Король неспешно прошествовал к ней в сопровождении двух гвардейцев. Она медленно попятилась, но остановилась, осознав, что со всех сторон её окружает Славная Гвардия. Ерунда. Она дерзко вздёрнула подбородок. Вокруг мужики, которые хотят ей навредить? Ничего нового. С помоста донёсся тихий, угрожающий звук – звон цепей. Тристан не сдавался, слава богам. Перед появлением Эви казалось, что он опустил руки, но это прошло. Замерцали свечи, будто ощутив перемену, и Эви задумалась, ощутив эту растущую мощь: в чём причина, в надежде Тристана на побег?
Или… в Эви?
Времени хорошенько обдумать это не было: Бенедикт больно схватил её за руку выше локтя, подтащил к себе так близко, что стала видна жилка, бьющаяся на блестящем лбу прямо под краем короны. Он зашипел:
– Ты что натворила, глупая девчонка? Почему ты живая? Отвечай немедленно!
Эви не сжалась, как велели инстинкты, – напротив, она взглянула в бешеные глаза короля и ухмыльнулась.
Его практически трясло от плохо сдерживаемой ярости.
– Добрые люди Реннедона! Очевидно, что нас предали! Это уловка! Последний шанс Злодея сбежать! Он обманул эту девушку и заставил её прикинуться мёртвой, чтобы прийти ему на помощь. – Бенедикт вцепился ей в руку, едва не ломая кость, красивое лицо исказили злобные морщины, залёгшие между светлых бровей. – Всё тщетно. Взгляните же со скорбью на последнюю жертву Злодея!
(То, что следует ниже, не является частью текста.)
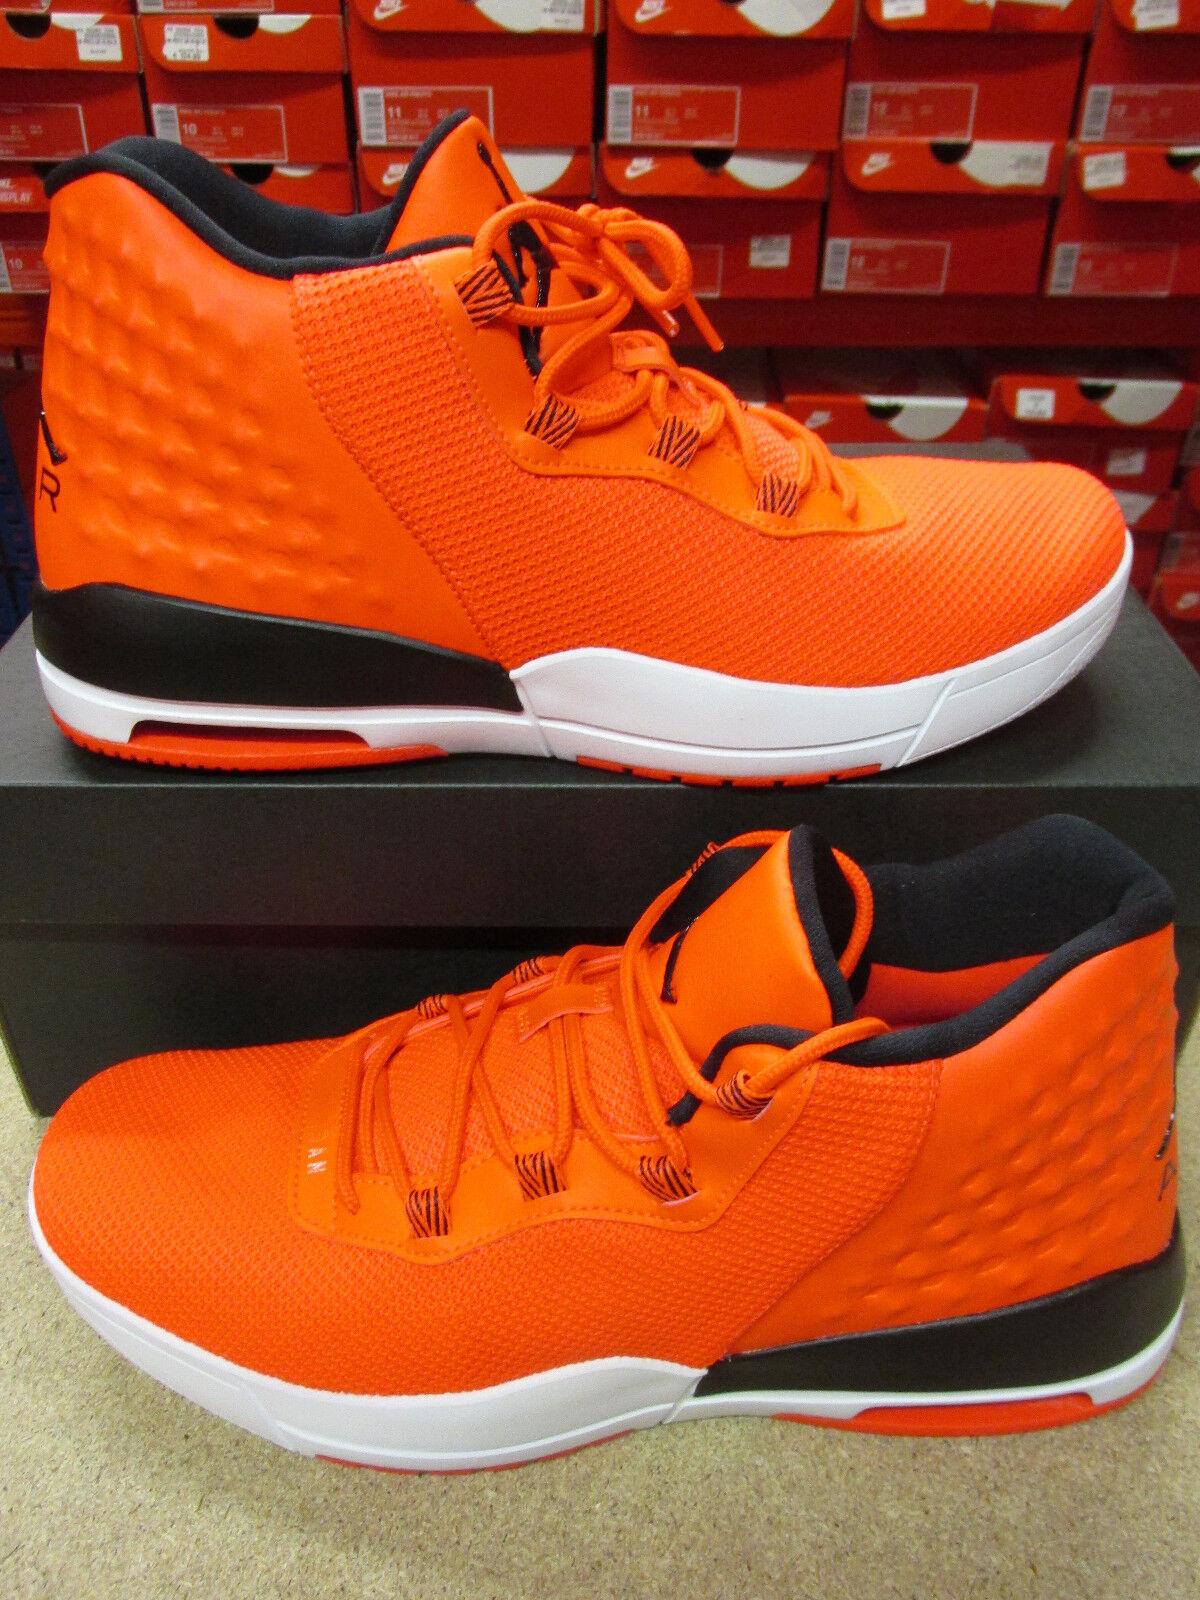 Nike Air Jordan Academy Mens Hi Top Trainers 844515 605 Sneakers shoes

Один удар сердца, один вдох – а потом пришёл гнев, гнев такой праведный, что трепета не осталось. Эви полыхала. Она молниеносно нагнулась, обнажила кинжал, спрятанный под платьем. Лезвие оказалось у горла Бенедикта, тот и моргнуть не успел.
Распущенные кудри упали на обнажённые руки. Слова сочились кипящим ядом.
– Я. Не. Жертва.
Гвардейцы подались вперёд, но король остановил их движением руки. Скучающе, снисходительно посмотрев на кинжал, он произнёс:
– Вы обиделись, потому что я сказал правду. Подумайте, миз Сэйдж, вы правда верите, что спасти этого человека – правильный выбор? Хороший?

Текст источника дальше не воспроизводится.